Rishi Sunak and Douglas Ross are rivals for the crown of worst ever Tory campaigner

Douglas Ross and Rishi Sunak have been locked in competition since the first day of the general election.

Both are vying for the crown of the most incompetent Tory campaigner since universal suffrage was introduced.

Sunak became the bookies’ favourite to win when he staged an event at the Titanic centre and stuck two fingers up to veterans during the D-Day debacle.

Ross made it competitive when he decided to resign in the middle of the campaign.

Pushing aside an ill colleague in recovery from a spinal injury made his Westminster u-turn even grislier.

The launch of the Scottish Tory "manifesto" in Edinburgh, where they stood side by side, was the perfect showcase for their unrivalled incompetence.

Ross had the shameless audacity to produce a 70-plus page document full of commitments on devolved public services and tax.

This is in spite of him leaving the leader’s post in less than two weeks.

Most manifestos take a couple of years to be ditched, but his will in the shredder before the Euros are finished.

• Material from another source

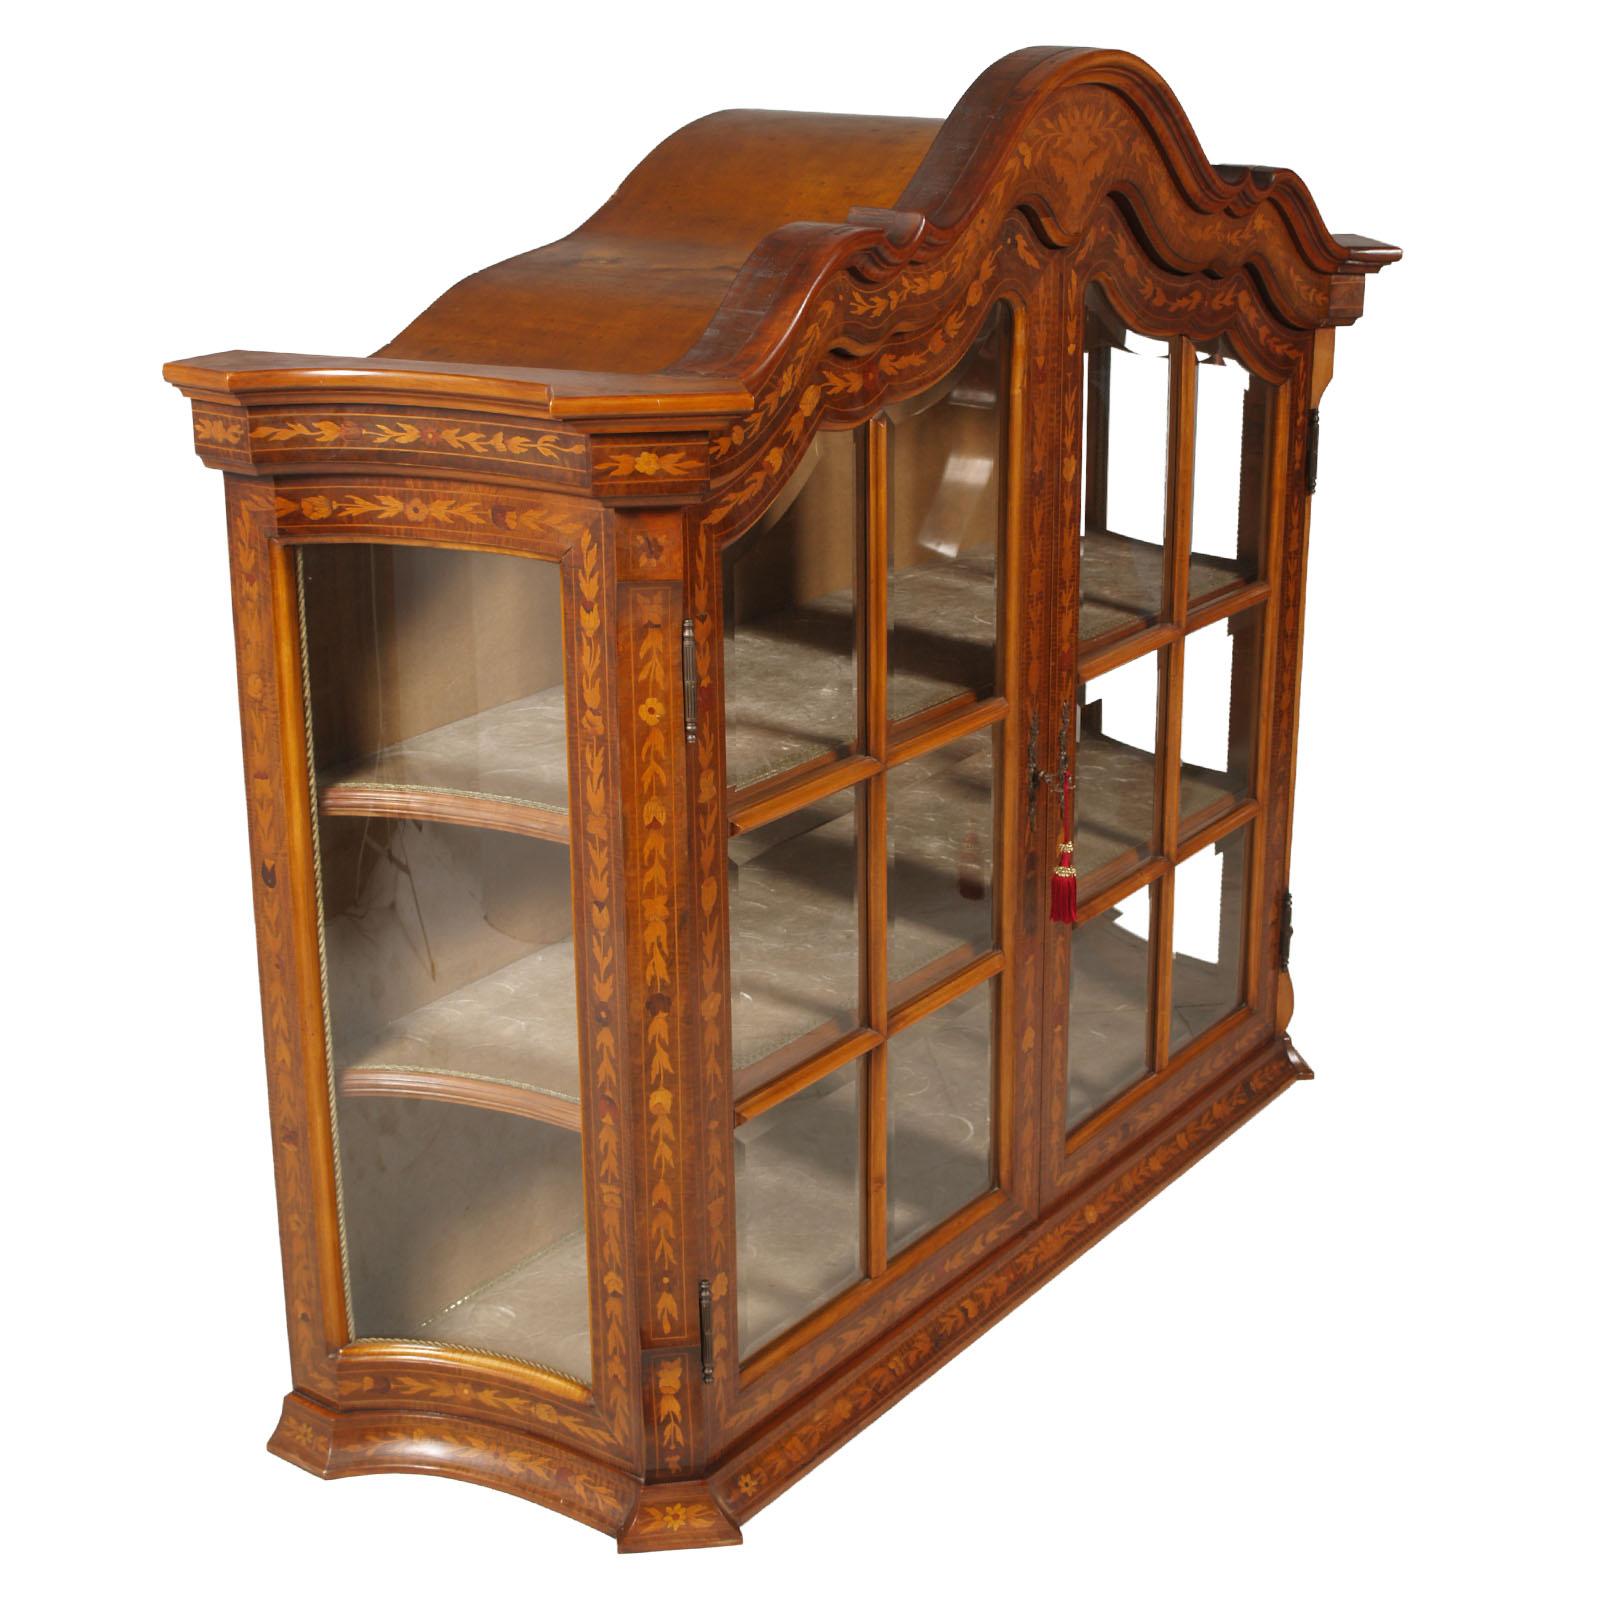 1930s Venetian Walnut Baroque Sideboard and Display Cabinet Richly Floral Inlaid For Sale 8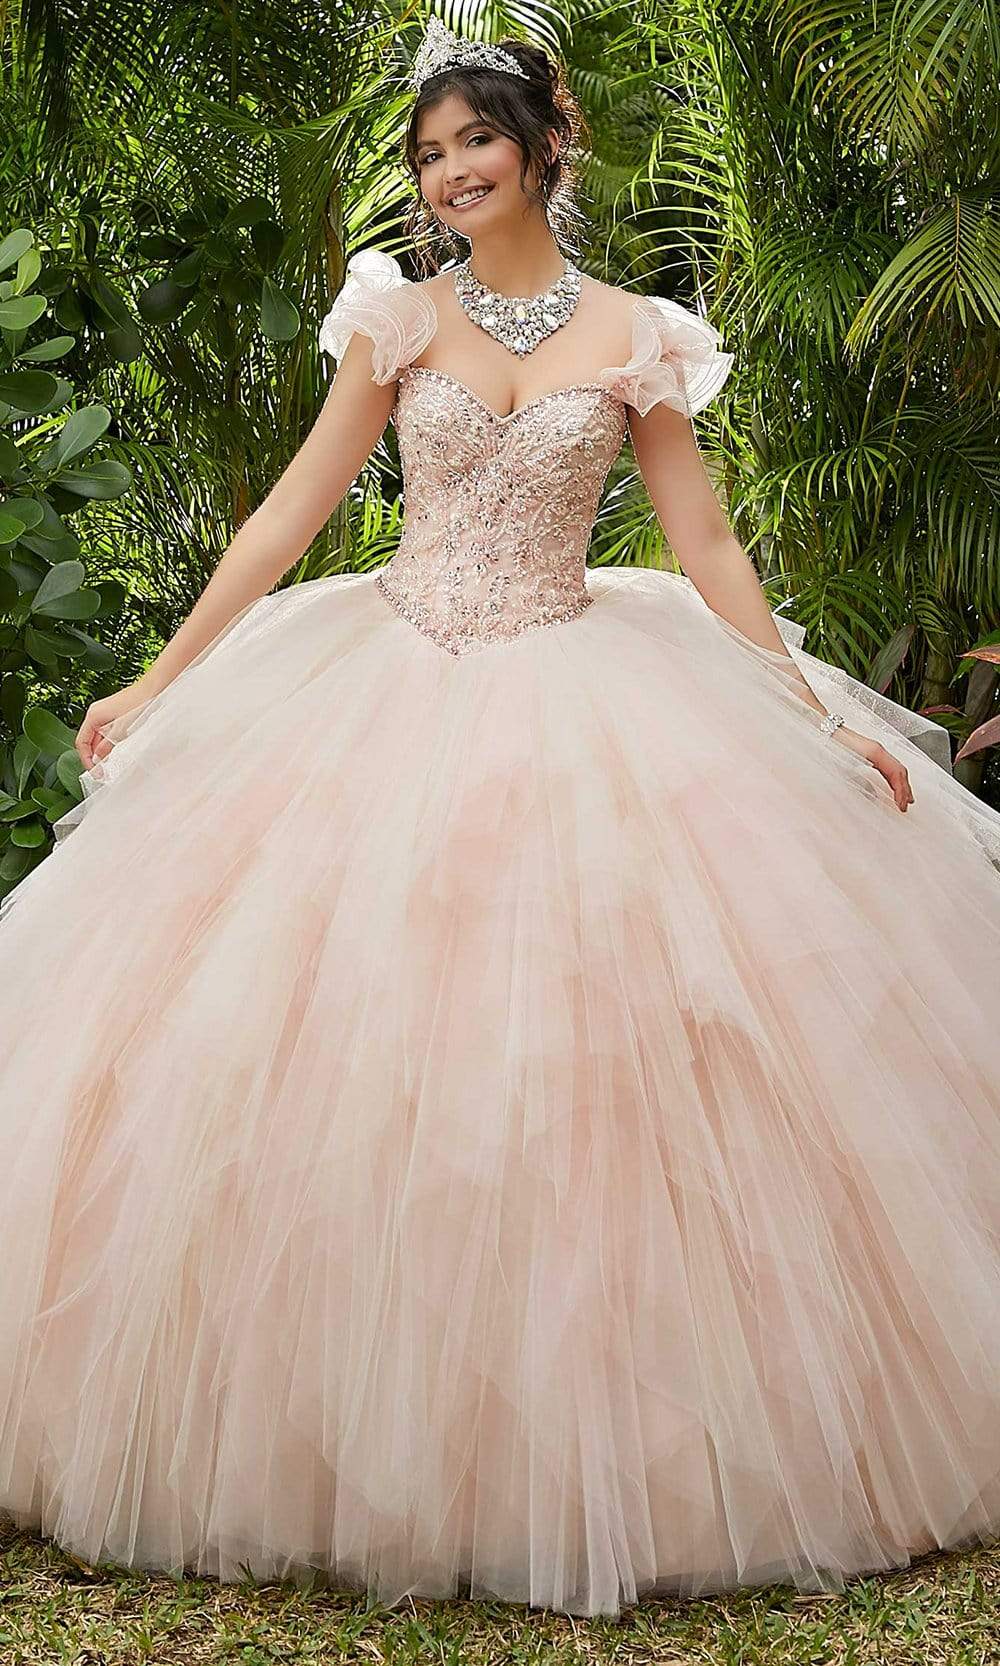 Vizcaya by Mori Lee - 89283 Embroidered Sweetheart Sparkle Tulle Ballgown

Devolved policies will be a matter for his predecessor, not him, so his brass neck and lack of self-awareness were astonishing.

One senior Tory figure summed up the Ross manifesto: “Utter bull****.”

At the press huddle afterwards, Sunak had all the energy and vigour of a dead sheep lying in a field.

Starmer arrived last week for an event in Whitburn with swagger and confidence.

The Prime Minister limped into Edinburgh looking like a sad, forlorn figure who knows the campaign is over.

History will record him as the face of landslide defeat, this generation’s John Major.

It doesn’t matter what Sunak says or does - folk have made up their minds and they want him gone.

He could promise everyone ten million quid and they would still vote against his despised rabble.

Sunak’s day trip to Edinburgh was his last to Scotland during the campaign, and probably ever.

He could make a lot more money in the private sector with only a fraction of the hassle.

Voters will be sprinting to the polling booths on July 4 and Sunak will be first in the queue.